En amont, le film avance un propos sur la double vitesse de la justice. Une fois confondu, notre héros, le pion haut placé de l’entreprise, écope de 8 ans de prison. Les chefs qui volent à échelle internationale, seulement 3. Mais il y a plus frontalement une mise à plat. L’un comme l’autre, la firme et son cadre qui la joue perso, conquièrent le pouvoir par le mensonge. Soit. Mais ils mentent surtout les mains propres, sans y toucher. A une réunion des businessmen que Damon épie pour les flics, il parvient à extirper de leur langage policé le gros mot "agreement" : l’arrangement, le crime qui ne se dit pas. On se croirait dans un langage d’Endlosung.

Le crime ne s’affiche pas ; il n’existe pas.
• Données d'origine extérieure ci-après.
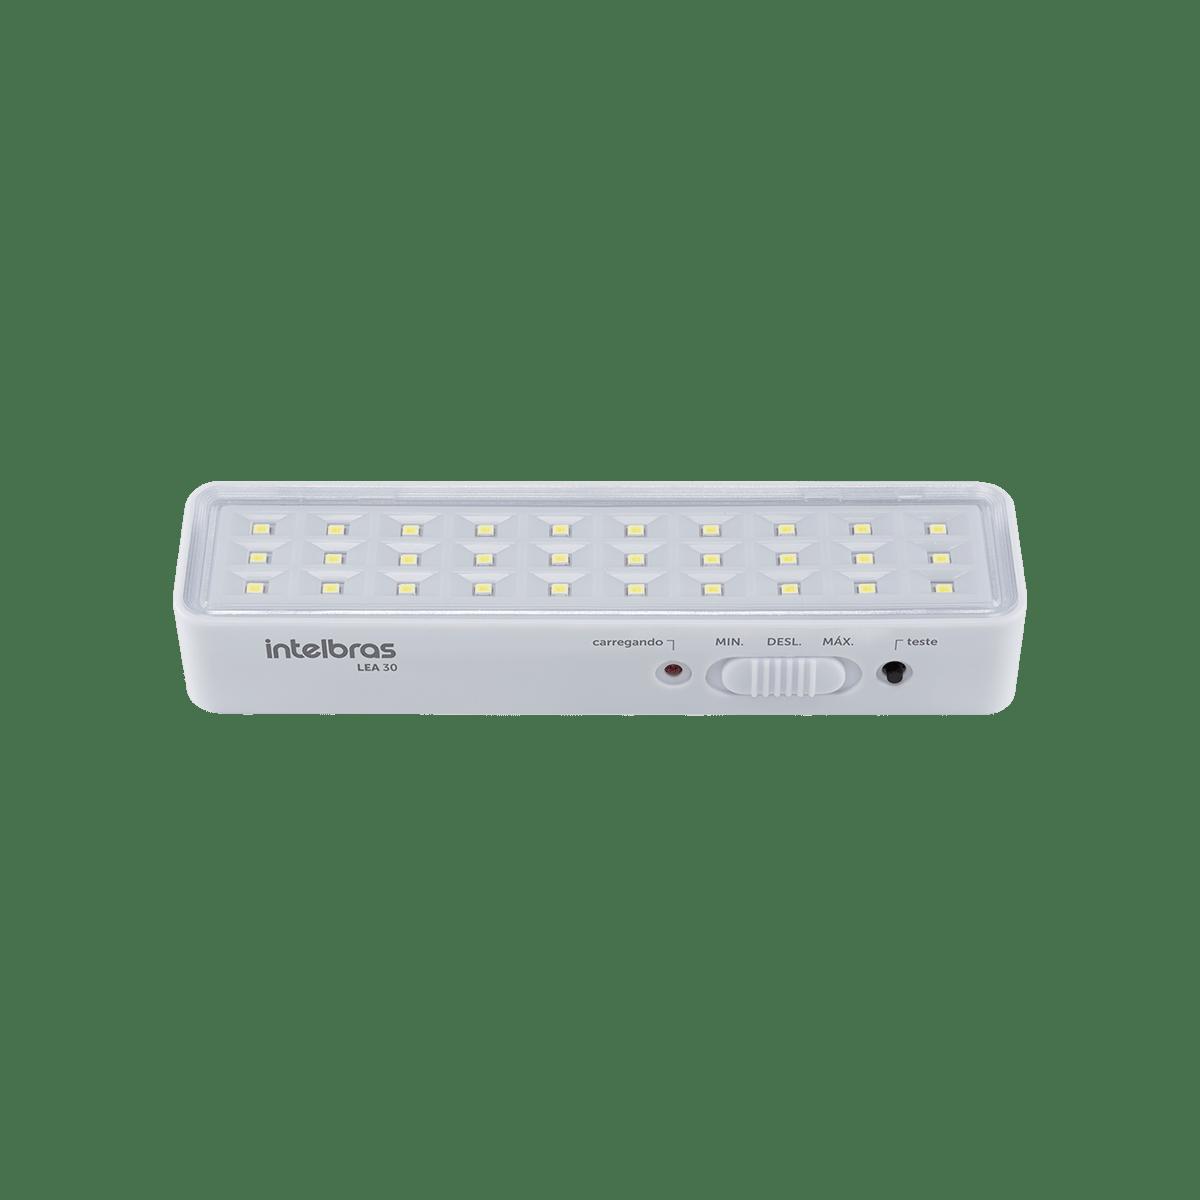 Luminária de Emergência Autônoma Intelbras LEA 30
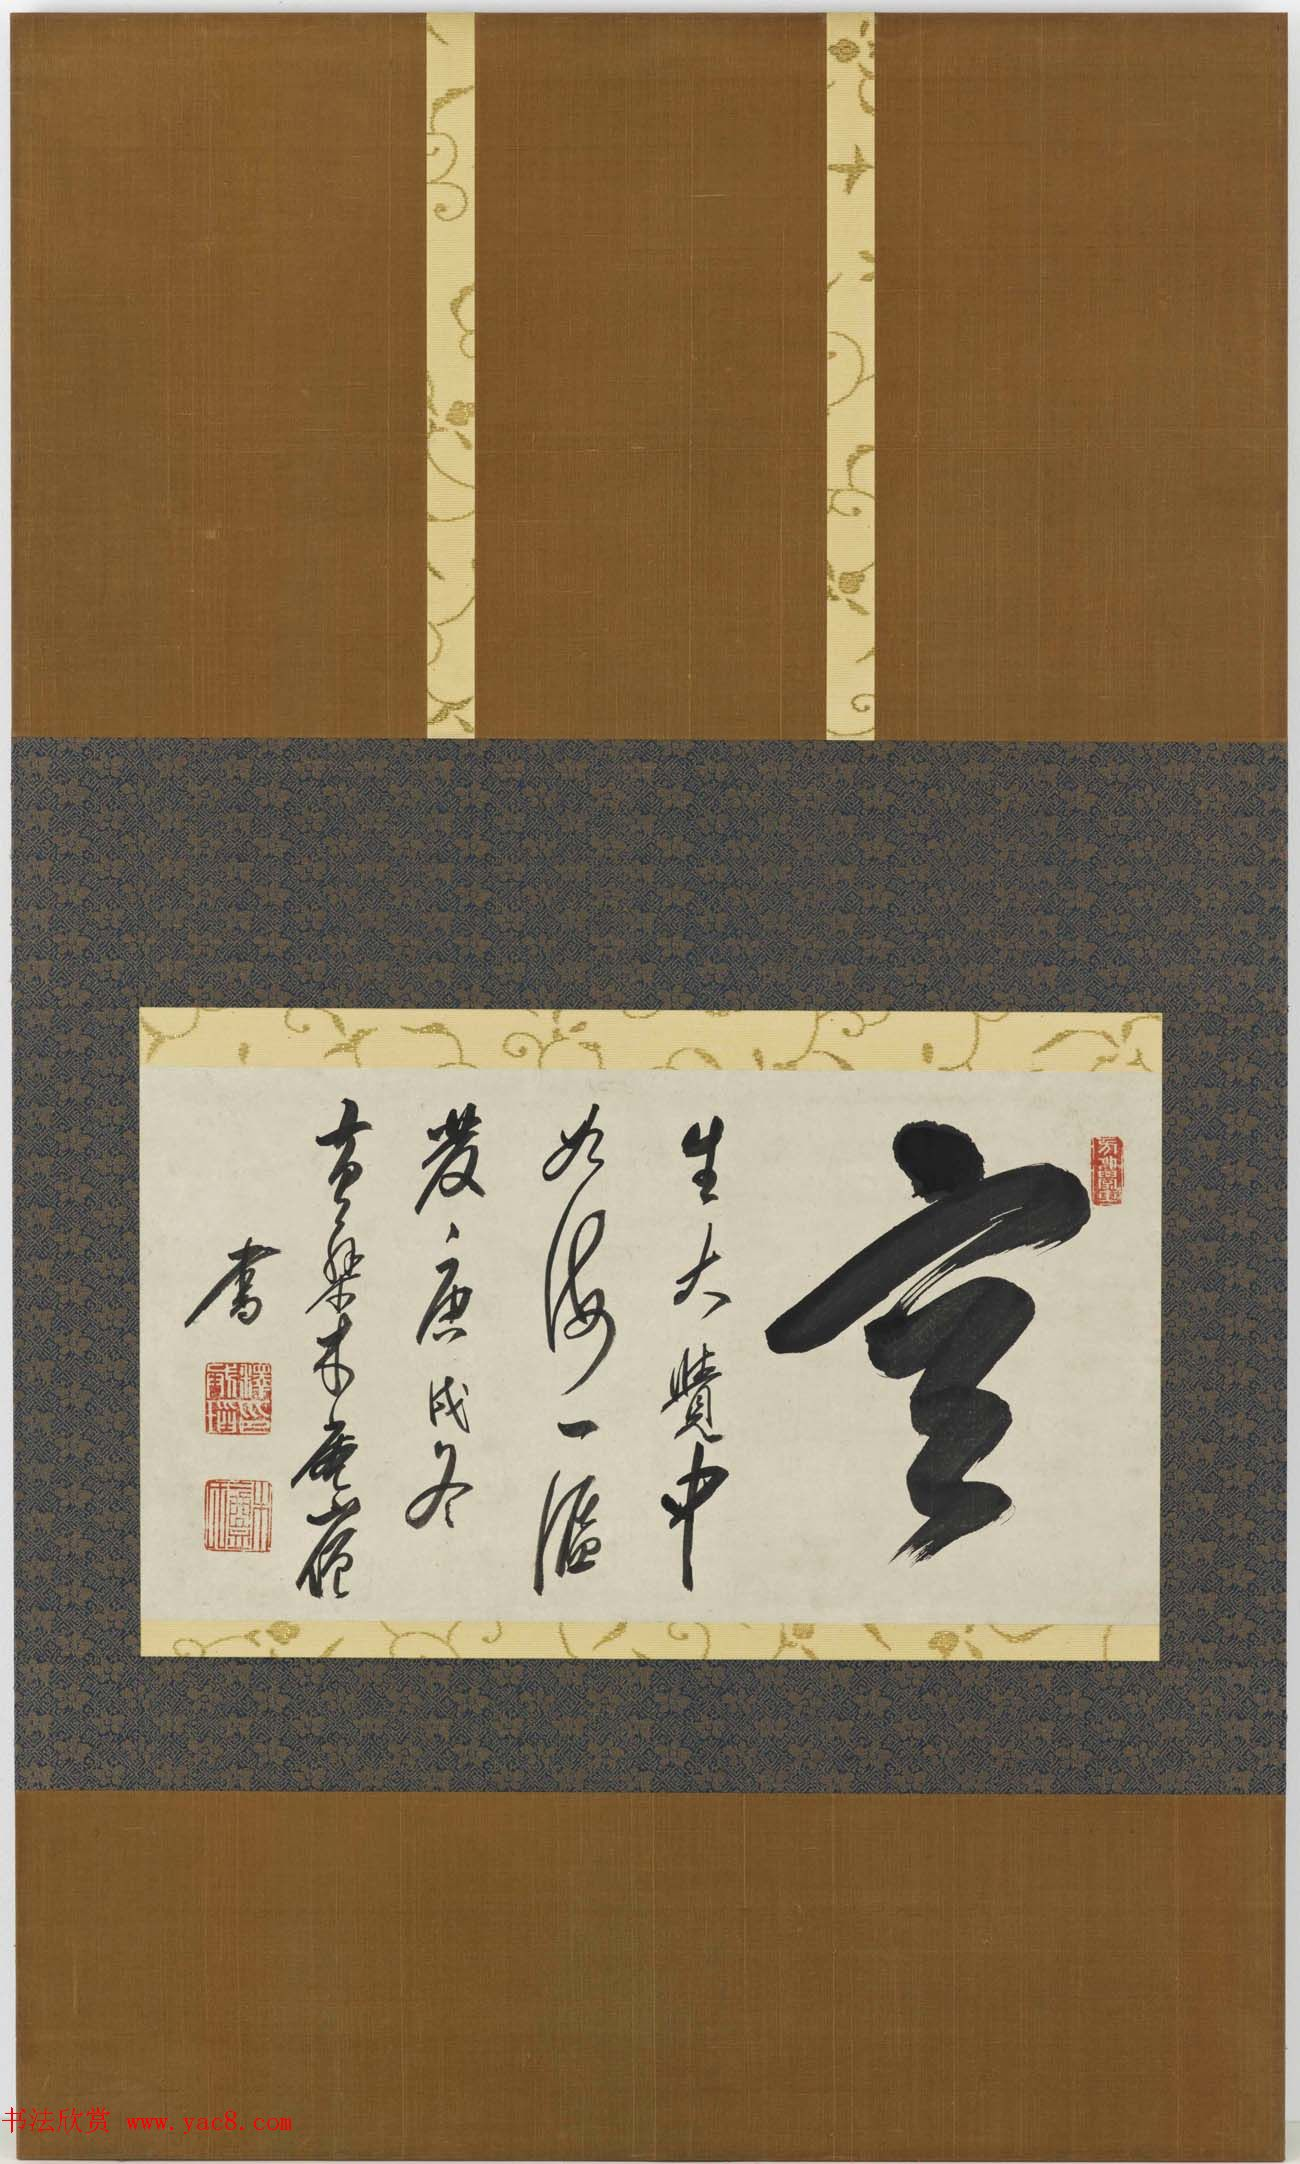 日本高僧木庵性��禅师书法墨宝美国国立亚洲艺术博物馆藏

Le film montre un profit qui s’exerce d’autant mieux qu’il se donne une parfaite image de transparence de la justice ; que son organisation est lisible comme un incontournable travail de bien - Damon en fait son leitmotiv, « I’m a good guy ». Une telle forme de pouvoir, à l’échelle d’une société, a son nom : la démocratie libérale. Et son dupe, le citoyen. Même en mettant de coté le piètre Capitalism de Michael Moore et en émettant des réserves sur l’excès de moorisme et d’obamisme du documentaire pro-bolivarien d’Oliver Stone, le néolibéralisme n’a pas fini d’être secoué, jusque dans ses fondations constitutionnelles, par cette sélection vénitienne. Scheherazade et The Informant ! sont pour l’instant les fictions qui frappent le plus fort et le plus juste.